**Dataset extract:**

┌──

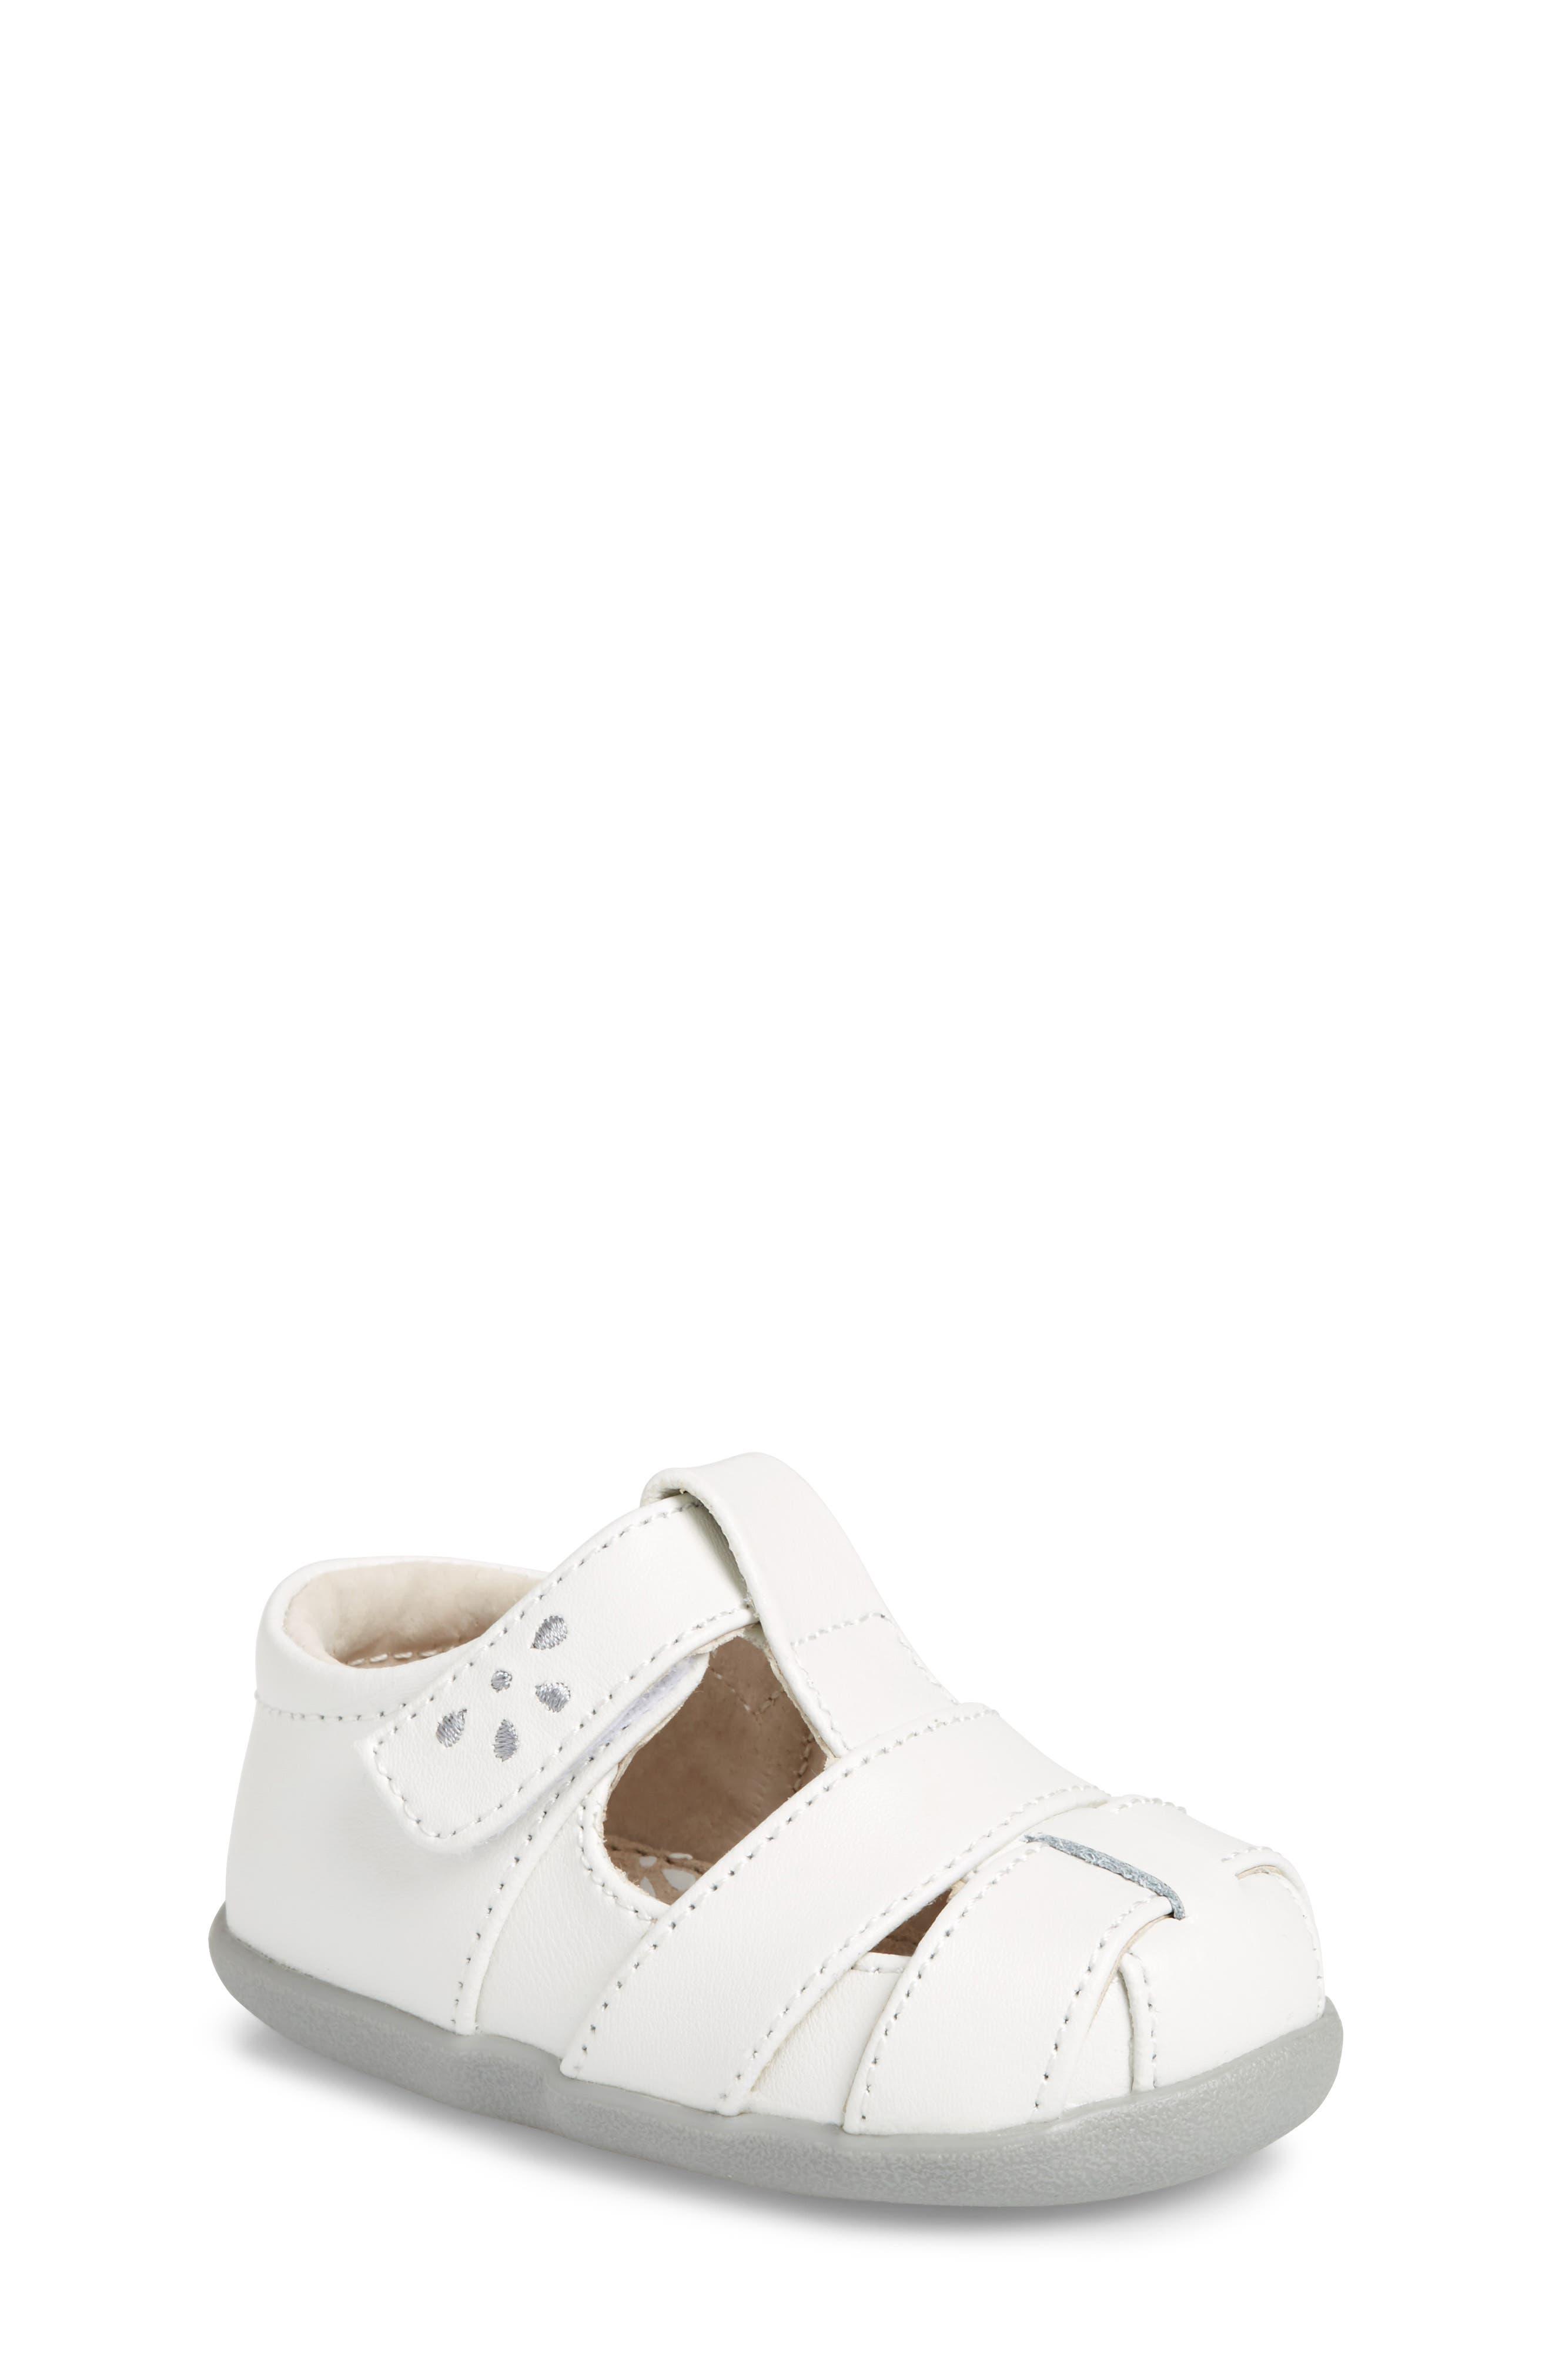 SEE KAI RUN Brook III Sandal, Main, color, WHITE
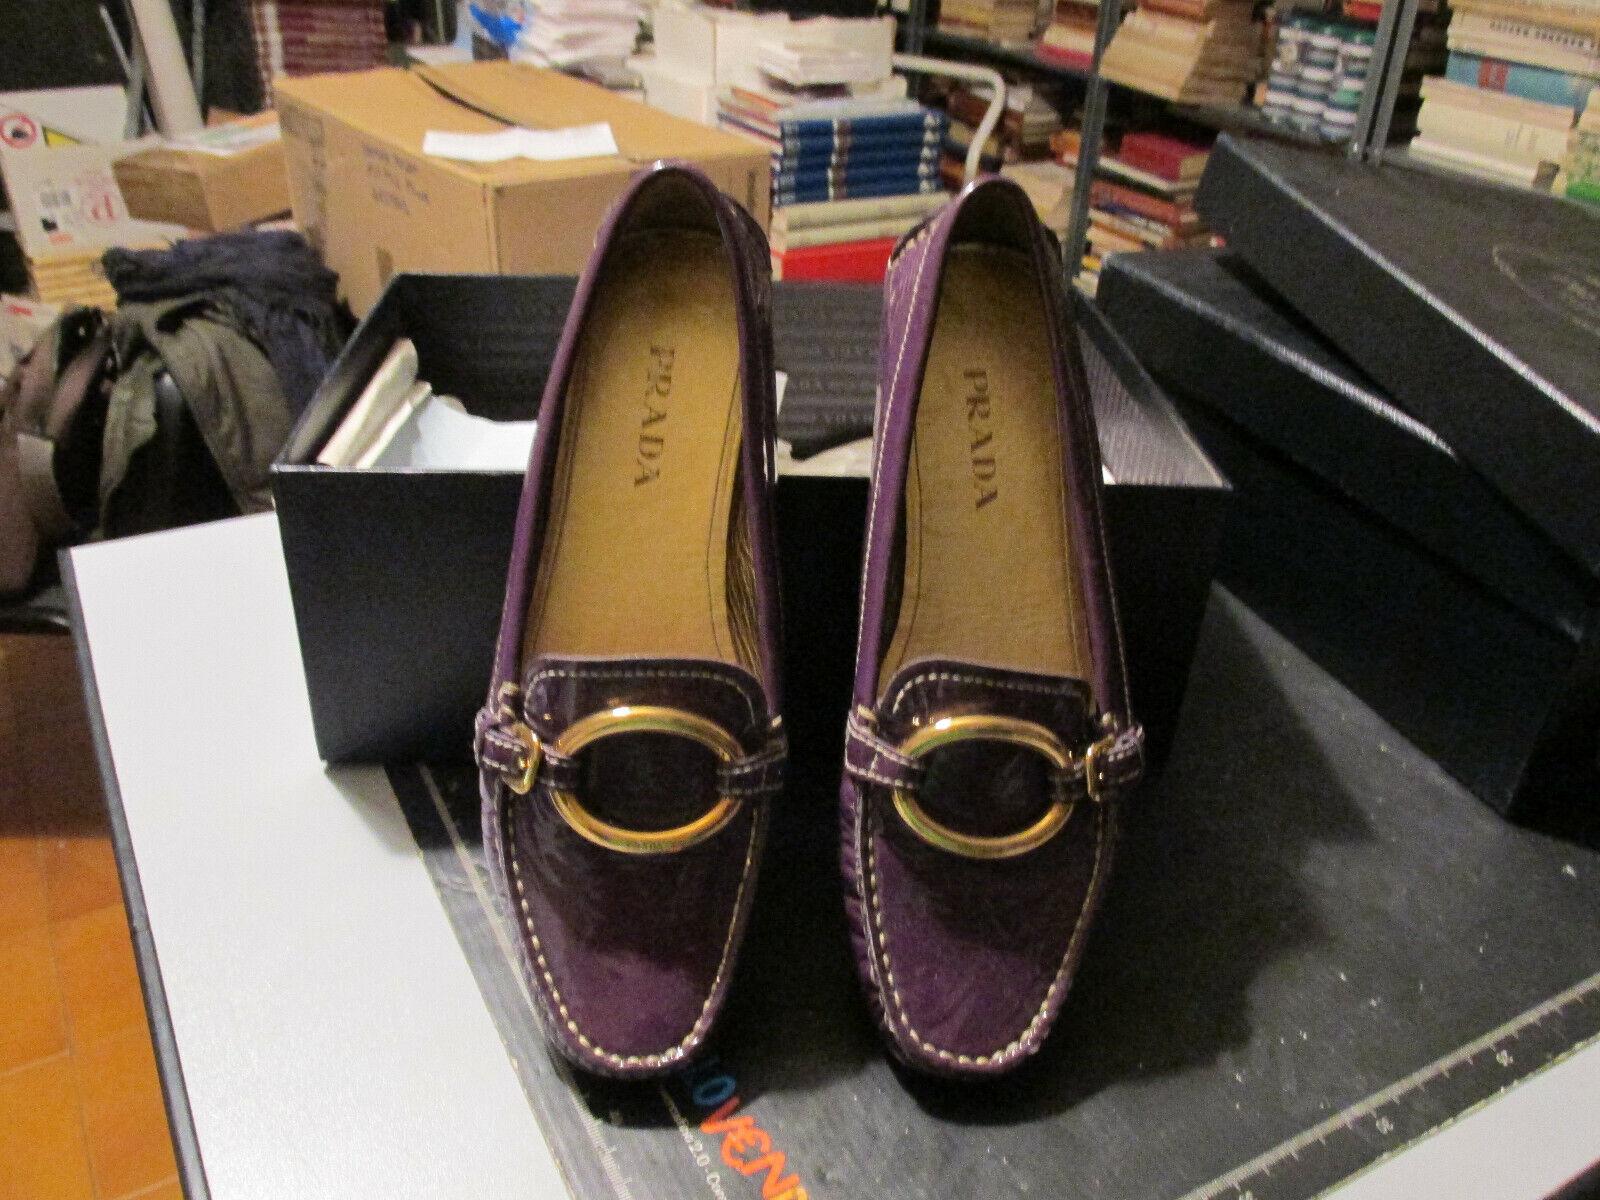 Prada púrpura in pelle da Infilare Mocassino zapatos numero 37 mujer ottimo
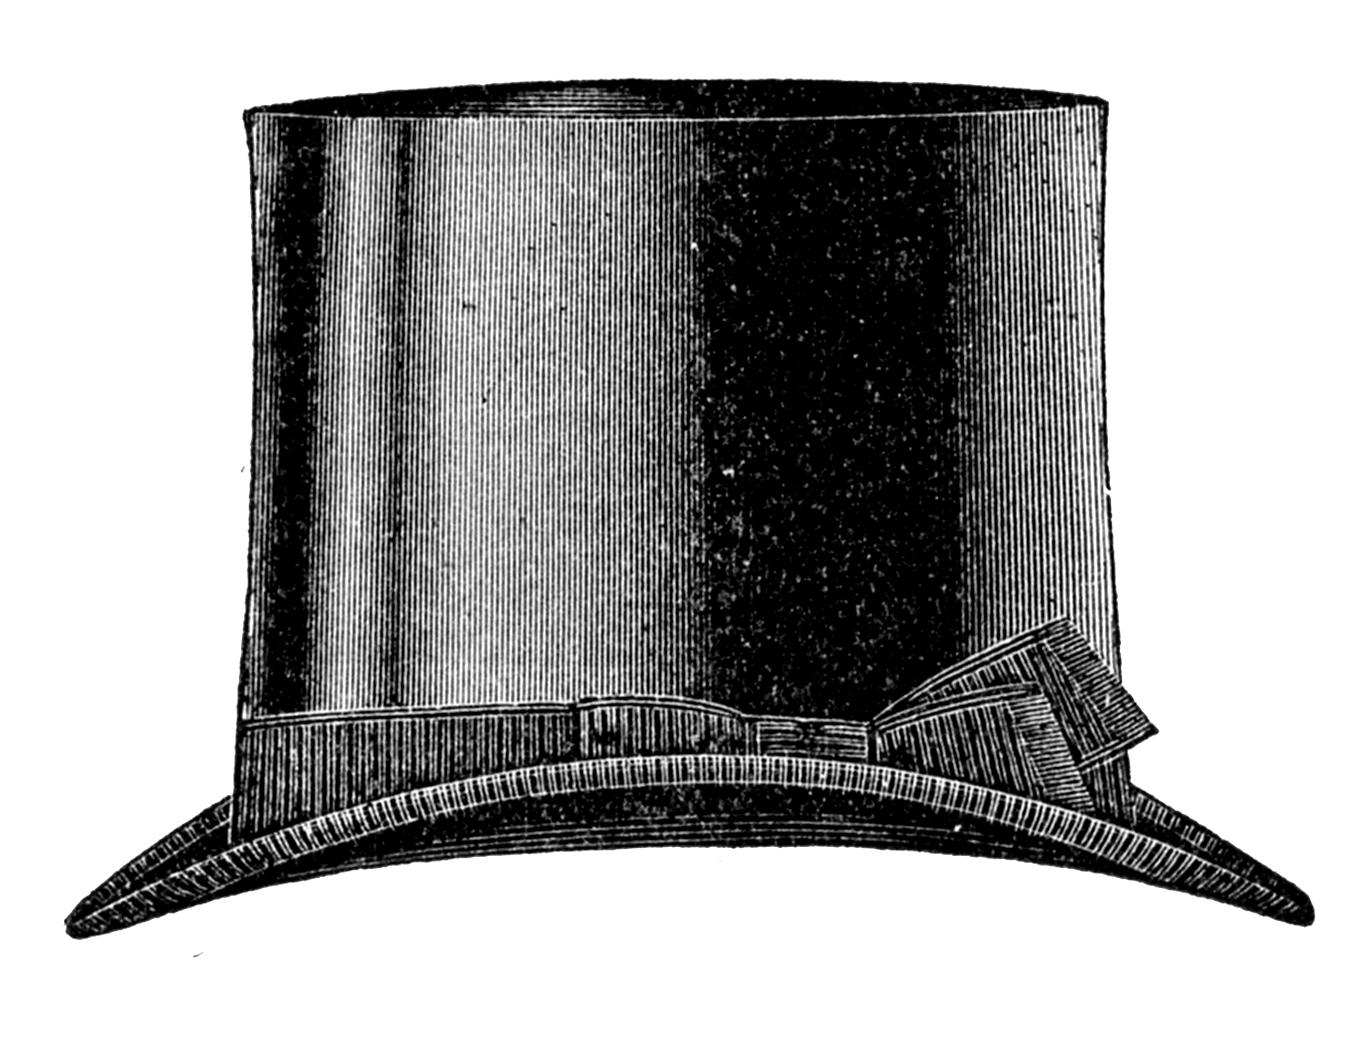 Vintage Clip Art u2013 Menu0027s Hats u2013 Derby u0026 Top Hat
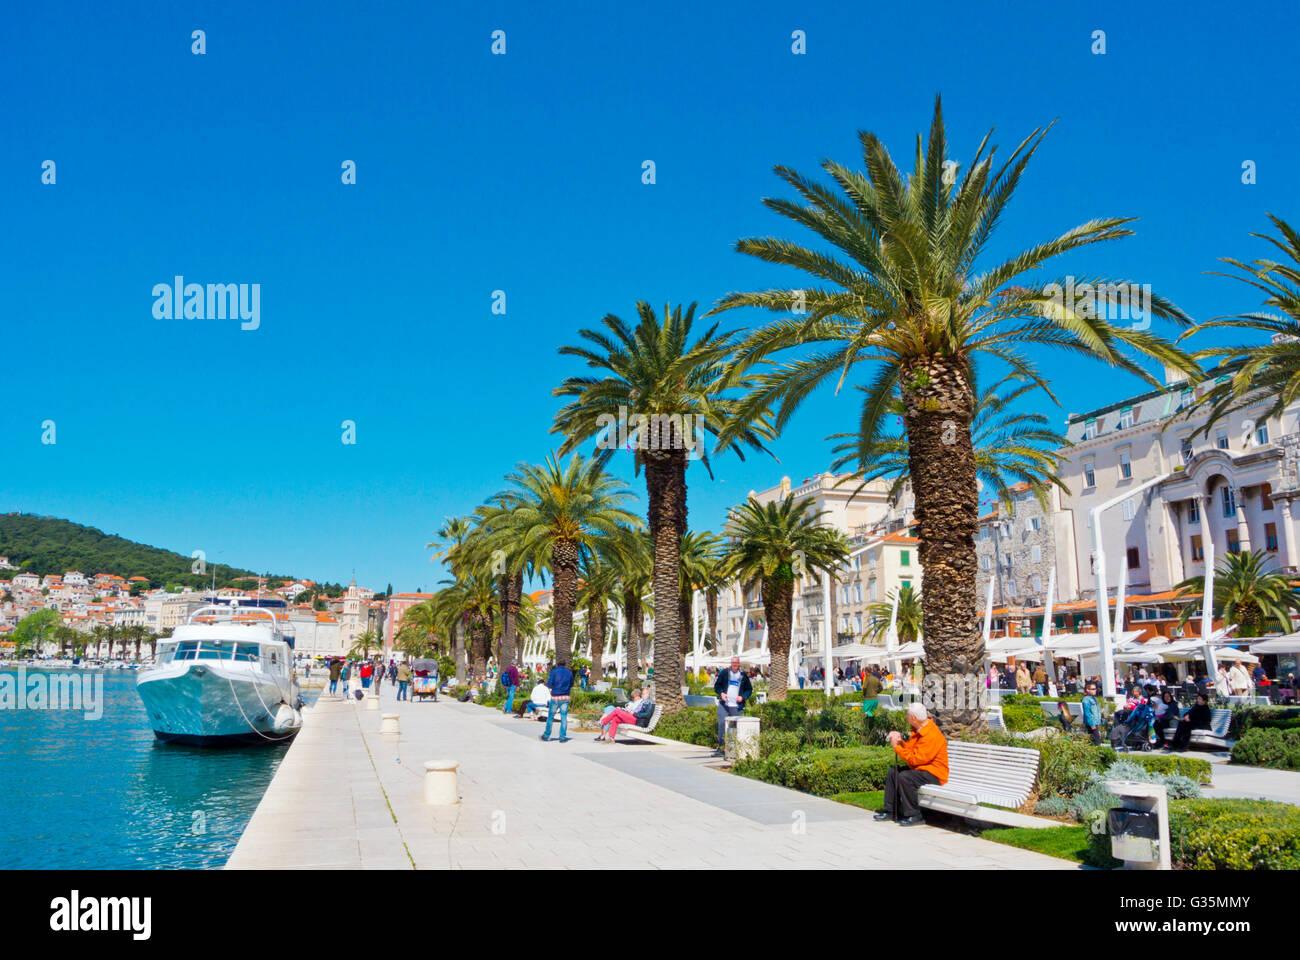 Riva, seaside promenade, Split, Dalmatia, Croatia - Stock Image

└──

Without copying any picture, repeat the full listing above word for word.

 SEE KAI RUN Brook III Sandal, Main, color, WHITE
 Prada púrpura in pelle da Infilare Mocassino zapatos numero 37 mujer ottimo
 Vintage Clip Art u2013 Menu0027s Hats u2013 Derby u0026 Top Hat
 Riva, seaside promenade, Split, Dalmatia, Croatia - Stock Image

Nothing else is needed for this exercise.